BellissimoDemone
Trzy osoby. Trzy złamane serca. I jedna noc, po której nic już nie będzie takie samo.
Valentina od dawna nie wierzy w wielkie uczucia. Nauczyła się, że im bliżej dopuścisz kogoś do siebie, tym bardziej będzie bolało, kiedy odejdzie. Michael złamał jej serce wtedy, kiedy najbardziej go potrzebowała - słowami, których nie wypowiedział, i gestami, które miały chronić, a tylko raniły. Teraz oboje żyją z niedopowiedzeniami, które wiszą między nimi jak dym po pożarze.
Jack był tłem. Tylko ciałem, tylko chwilą. Miał być kimś, kto odwróci uwagę, nie wywoła wojny. Ale kiedy zakazane spojrzenia zmieniają się w dotyk, a ukrywane napięcie znajduje ujście w jednej nieodwracalnej decyzji, wszystko zaczyna się sypać.

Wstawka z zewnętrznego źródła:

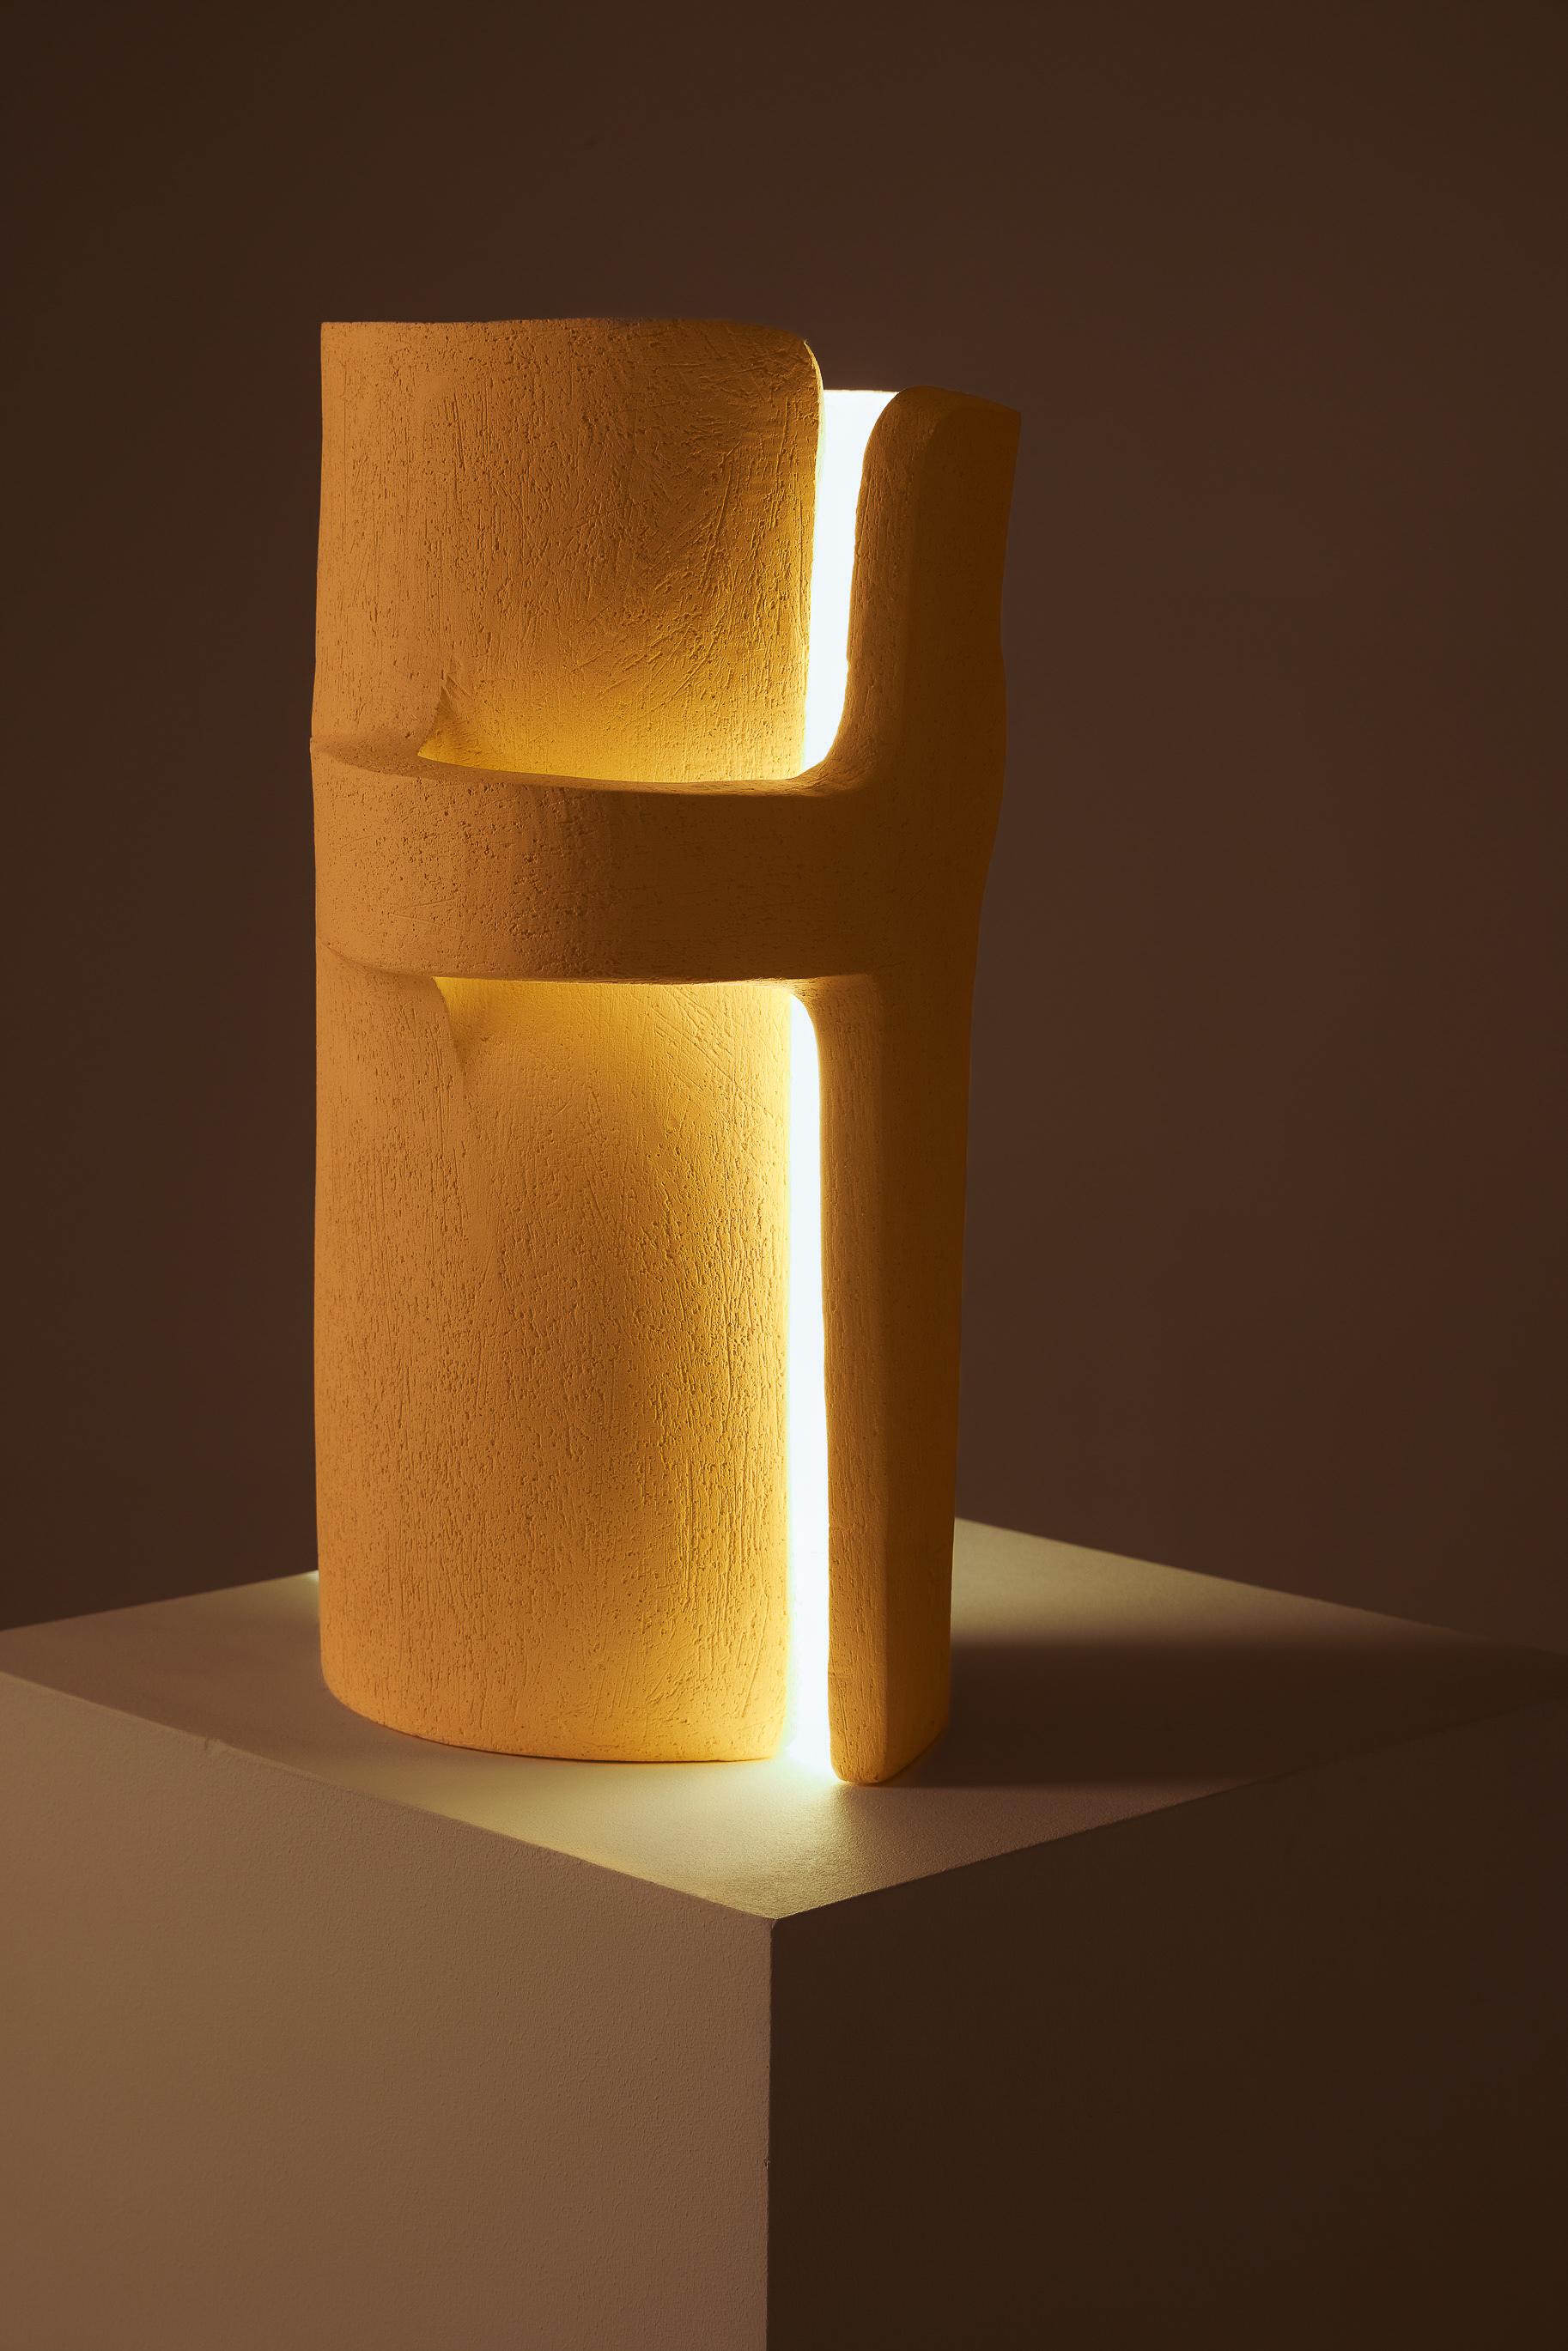  Aus weißem Stein gefertigte Lampe der ukrainischen Designerin und Bildhauerin Kseniya Kravtsova. Die Lampe stellt zwei ineinander verschlungene Figuren dar. Ein einzigartiges zeitgenössisches Stück. Ausgezeichneter Zustand. Ihre Arbeit ist mit der

Nagle każdy ruch ma konsekwencje. Każde słowo może zranić. I już nie chodzi tylko o uczucia - ale o lojalność, dumę i zemstę.
W tym świecie emocje są bronią.
Zazdrość wybucha szybciej niż zaufanie się odbudowuje. Seks staje się narzędziem walki, a cisza - ostatecznym ciosem. Przyjaźnie się kruszą, relacje duszą, a to, co miało być tylko układem, zamienia się w pole minowe.
To nie jest historia o zakochanych, którzy pokonują przeszkody.
To historia o ludziach, którzy sami są przeszkodą.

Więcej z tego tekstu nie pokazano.